Hospitals, Health Tech

NorthShore, Sema4 set up genomics program to advance personalized treatment

The Illinois-based health system is teaming up with the analytics company to launch a genomics program, which will focus on predicting the risk of illness and outcomes among patients. It will also provide free genetic testing to low-income patients in an effort to increase access to genomic care.


With data-driven insights, health systems can identify and attack specific conditions in the early stages of the disease, when the likelihood of good outcomes is highest.

To this end, Evanston, Illinois-based NorthShore University HealthSystem is partnering with Sema4, a company focused on providing genomic and clinical data insights.

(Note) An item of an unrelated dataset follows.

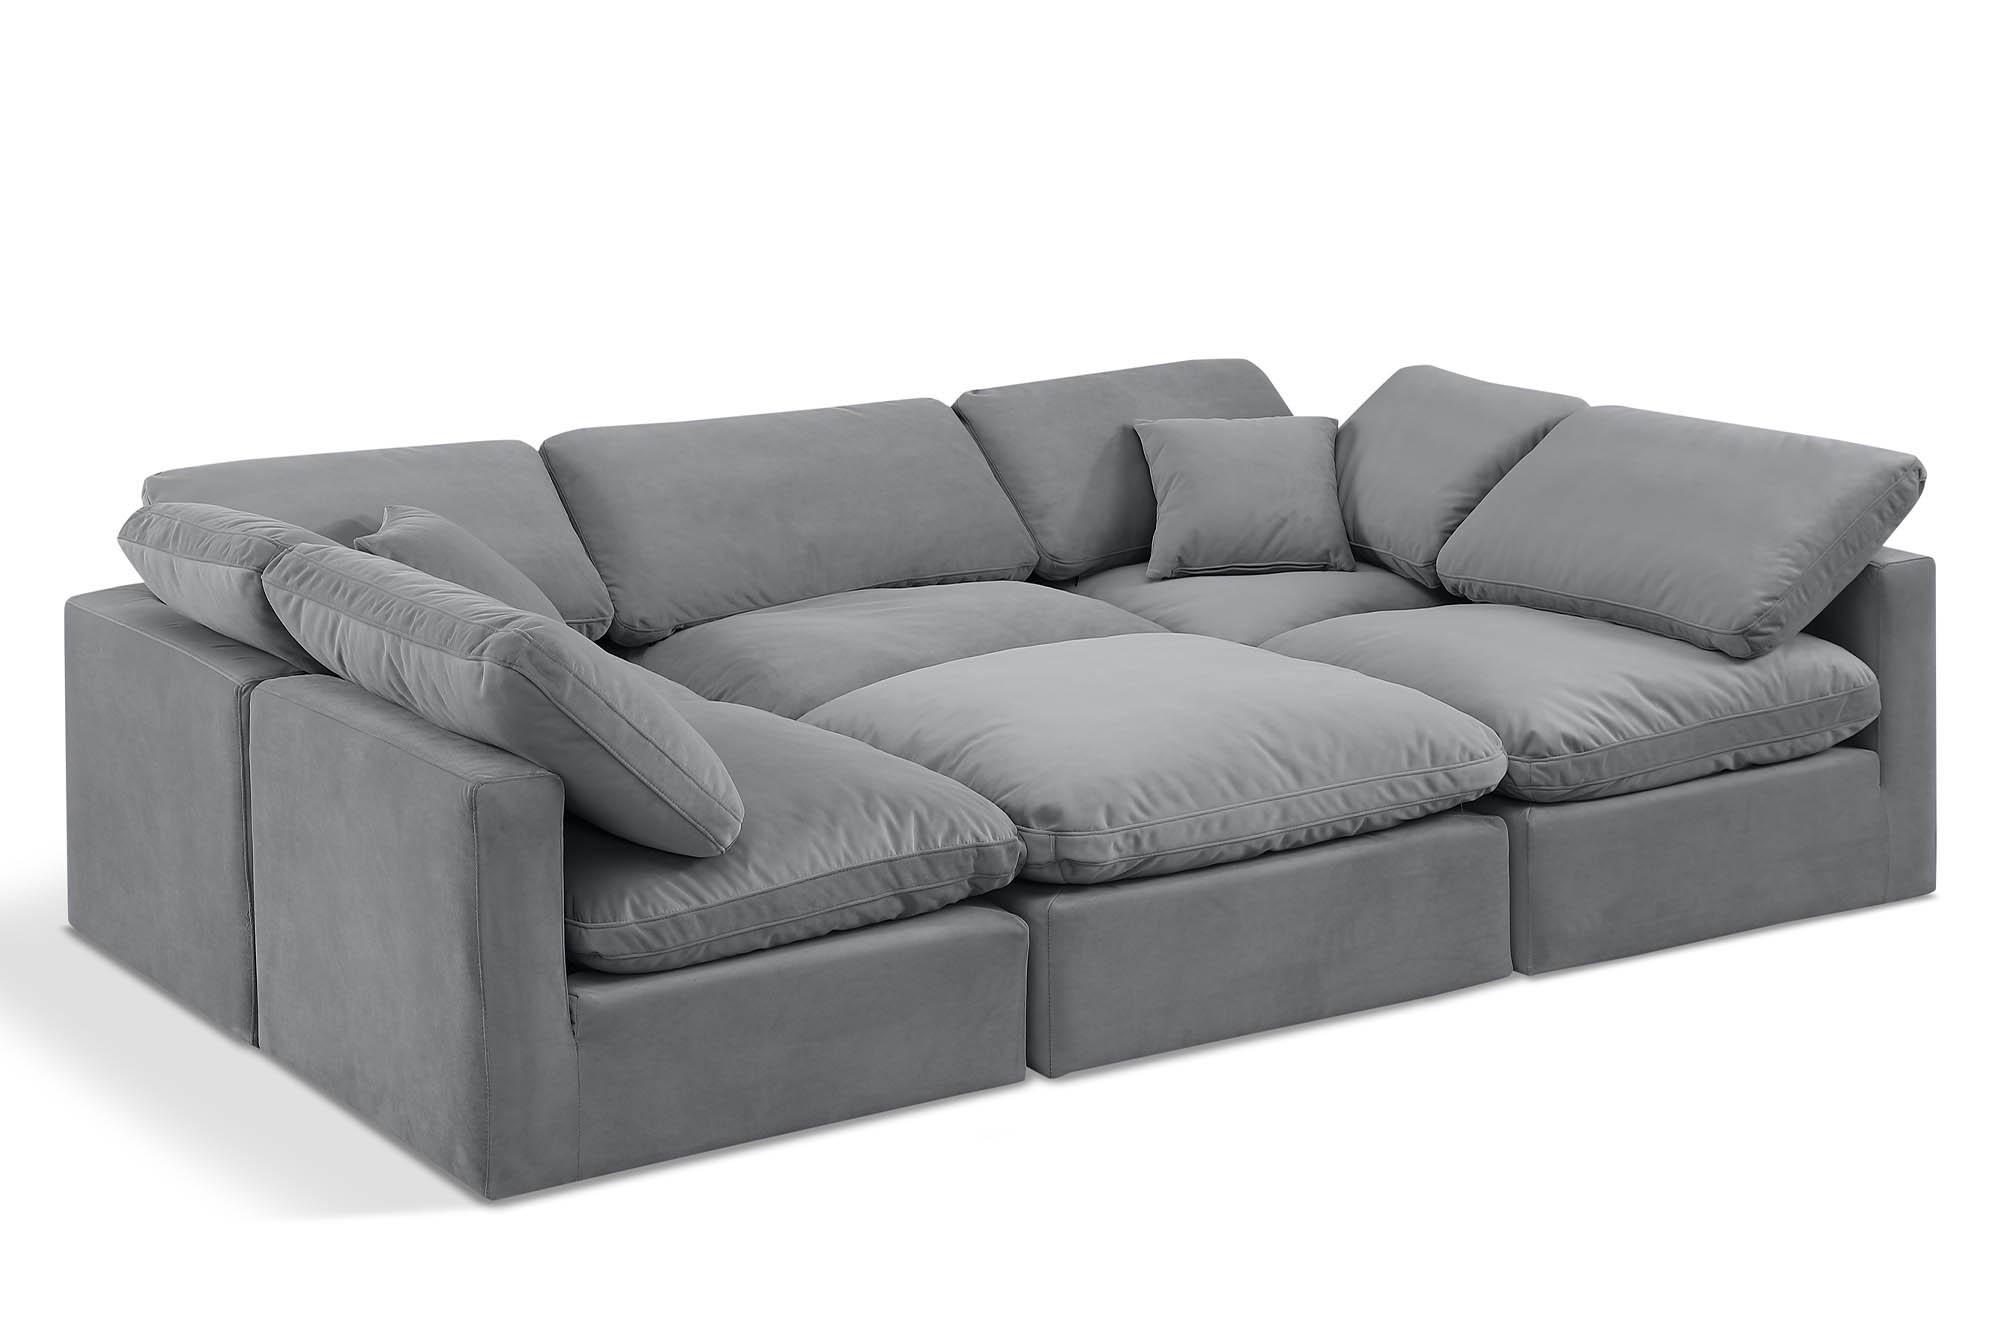 Contemporary, Modern Modular Sectional Sofa INDULGE 147Grey-Sec6C 147Grey-Sec6C in Gray Velvet

Together, the provider and Stamford, Connecticut-based analytics firm will launch a genomics program across NorthShore’s six hospitals and 900-physician multispecialty group practice. Through the program, NorthShore clinicians will have access to Sema4’s genomic solutions for hereditary cancer, cardiovascular diseases, pharmacogenomics and rare diseases.

Specifically, the program will focus on understanding how changes in DNA can influence the risk of developing future health conditions, said Dr. Peter J. Hulick, director of the Mark R. Neaman Center for Personalized Medicine at NorthShore, in an email.

“By understanding a person’s risk, we can better care for a patient by changing how and when they are screened for a particular condition,” he said. “This insight can help us provide more targeted therapy that is more likely to work and will have less risk for side effects.”

NorthShore and the data company will combine clinical information with genomic analysis to leverage the predictive models developed by Sema4.

For example, the predictive models for cancers will offer clinicians a more comprehensive view of their patients, providing insight into tumor progression and how best to diagnose or treat them, said Glenn Farrell, chief marketing officer and executive vice president, research strategy at Sema4.

Aside from chronic conditions like cancer and heart disease, plans for the future could also involve examining the factors that may influence a Covid-19 patient’s disease course and severity.

“We are in the early days of understanding the long-term implications of Covid-19 and by more fully tracking both a patient’s care journey within the NorthShore health system, combined with the insights from our information-driven genomic analysis, we can explore how this disease is impacting different people over time, and inform treatment options,” Farrell said.

In addition to enhancing clinical care, the organizations aim to make genomics more accessible through the program.

NorthShore plans to subsidize genetic testing costs for patients who do not have the financial resources to pay. Earlier this month, the provider began offering the program to patients of Swedish Hospital, a safety net hospital in Chicago. This was made possible through a gift from the Swedish Hospital Foundation.

Further, the health system aims to better understand barriers to accessing genomic care, including cultural perceptions, social determinants of health and financial barriers, NorthShore’s Hulick said.